* **TASK TO CARRY OUT**
Aside from the pictures, copy the listing exactly.

-- DATASET EXTRACT follows --

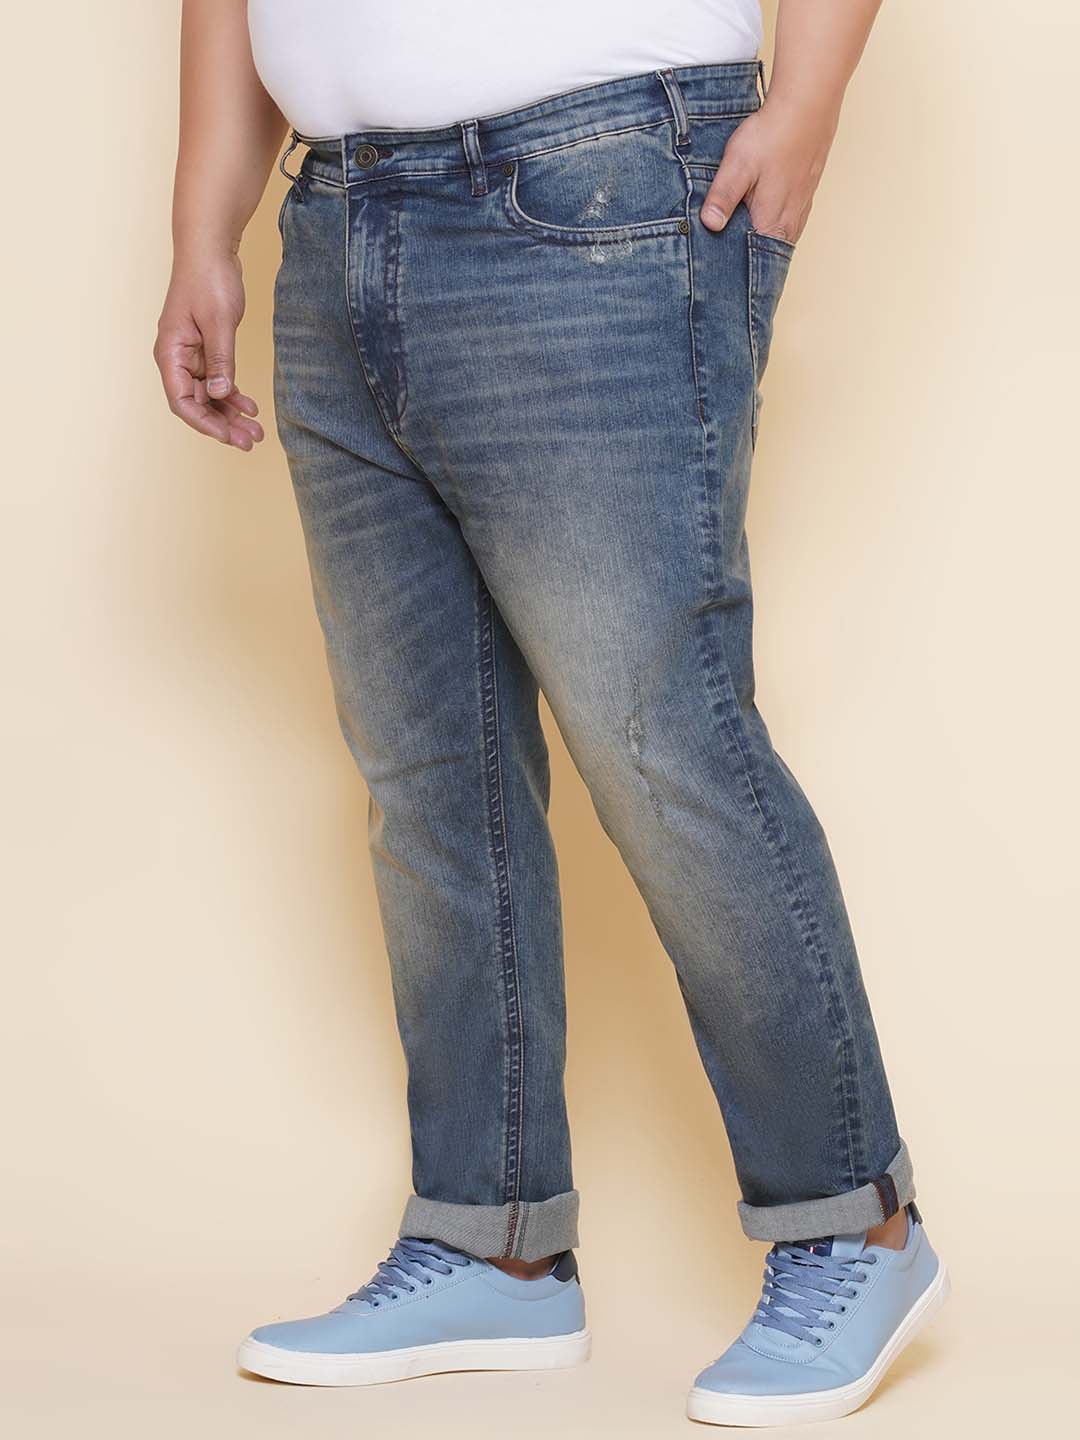 bottomwear/jeans/PJPJ60114/pjpj60114-4.jpg
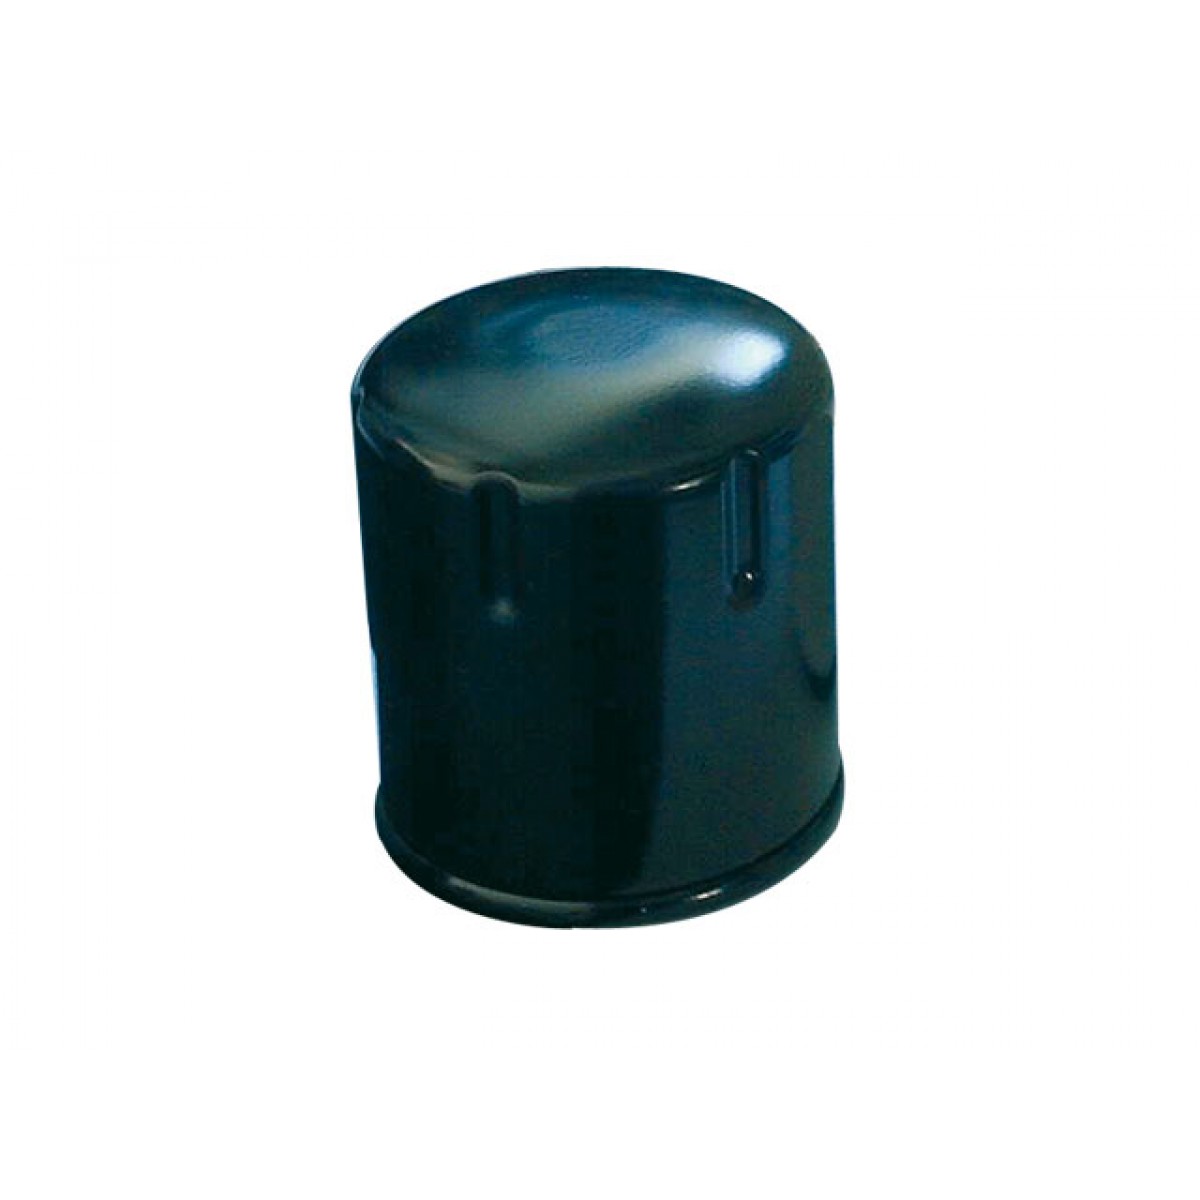 CAMBIO olio strumento filtro olio chiave BUZZETTI Universal 61-97mm Adly/Herchee AEON 
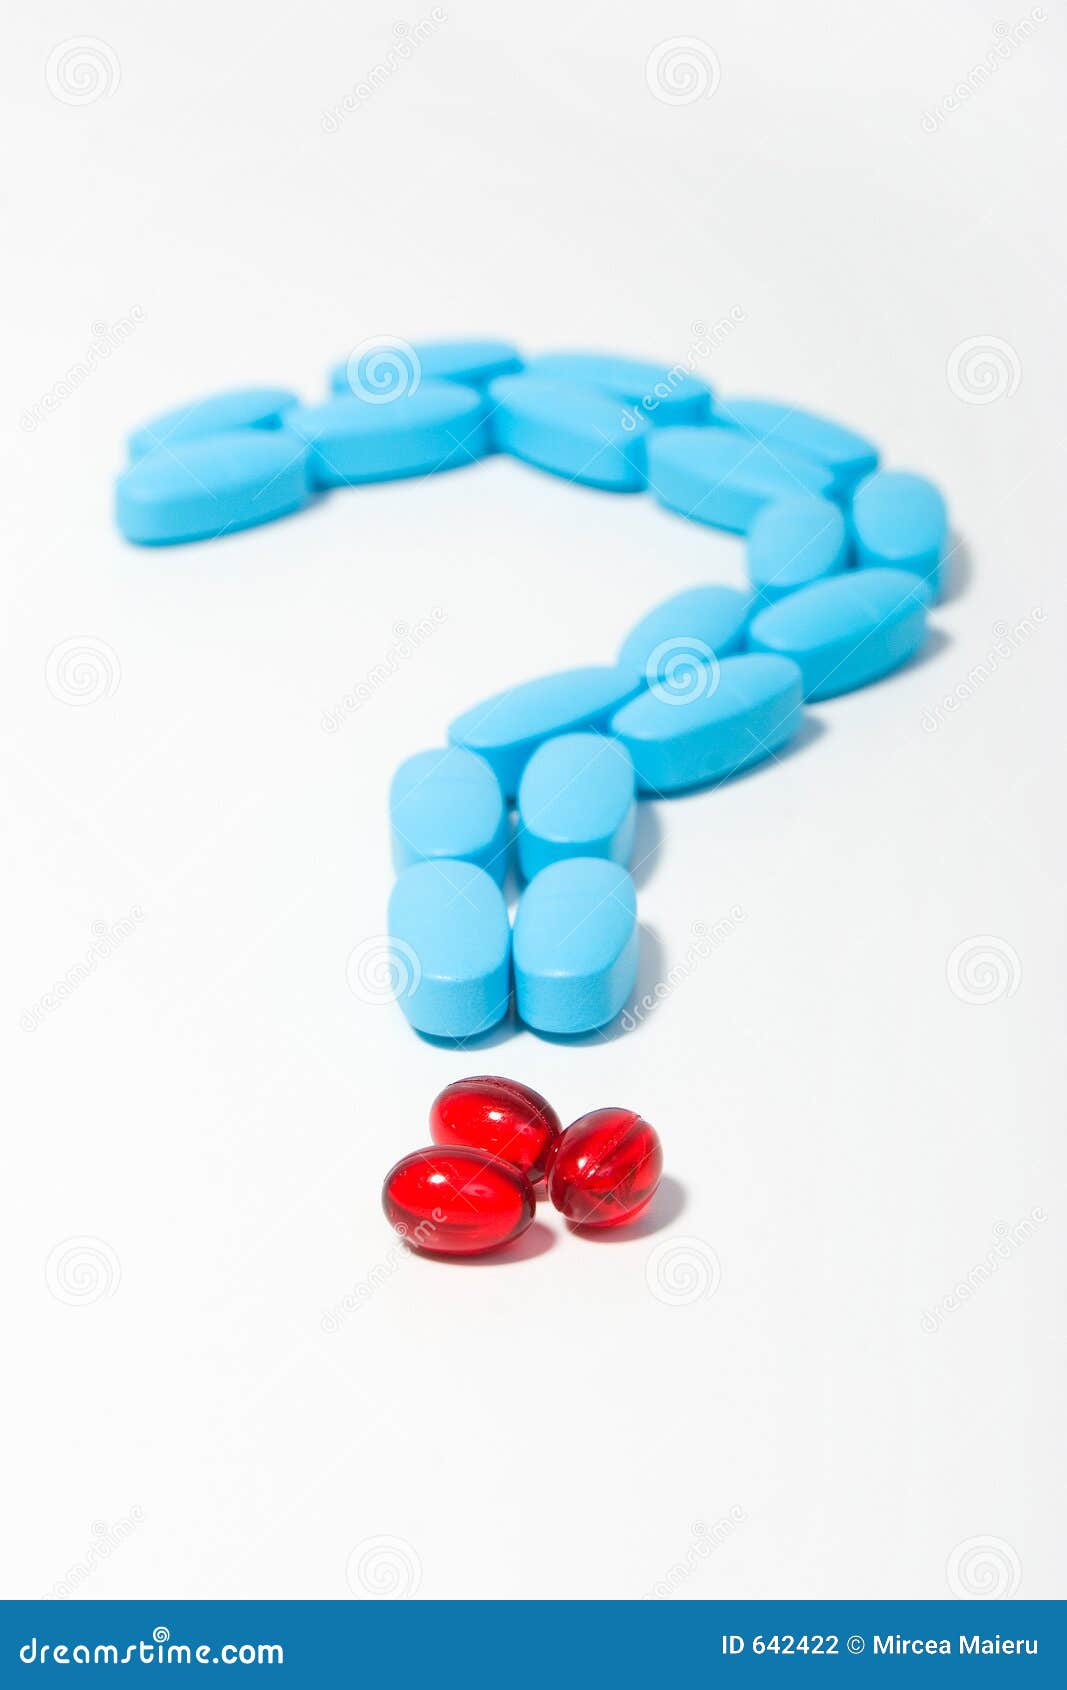 blue-red-pills-question-mark-642422.jpg

-- DATASET EXTRACT concluded --

* **RESULT OF THE TASK**
 bottomwear/jeans/PJPJ60114/pjpj60114-4.jpg
 CAMBIO olio strumento filtro olio chiave BUZZETTI Universal 61-97mm Adly/Herchee AEON 
 blue-red-pills-question-mark-642422.jpg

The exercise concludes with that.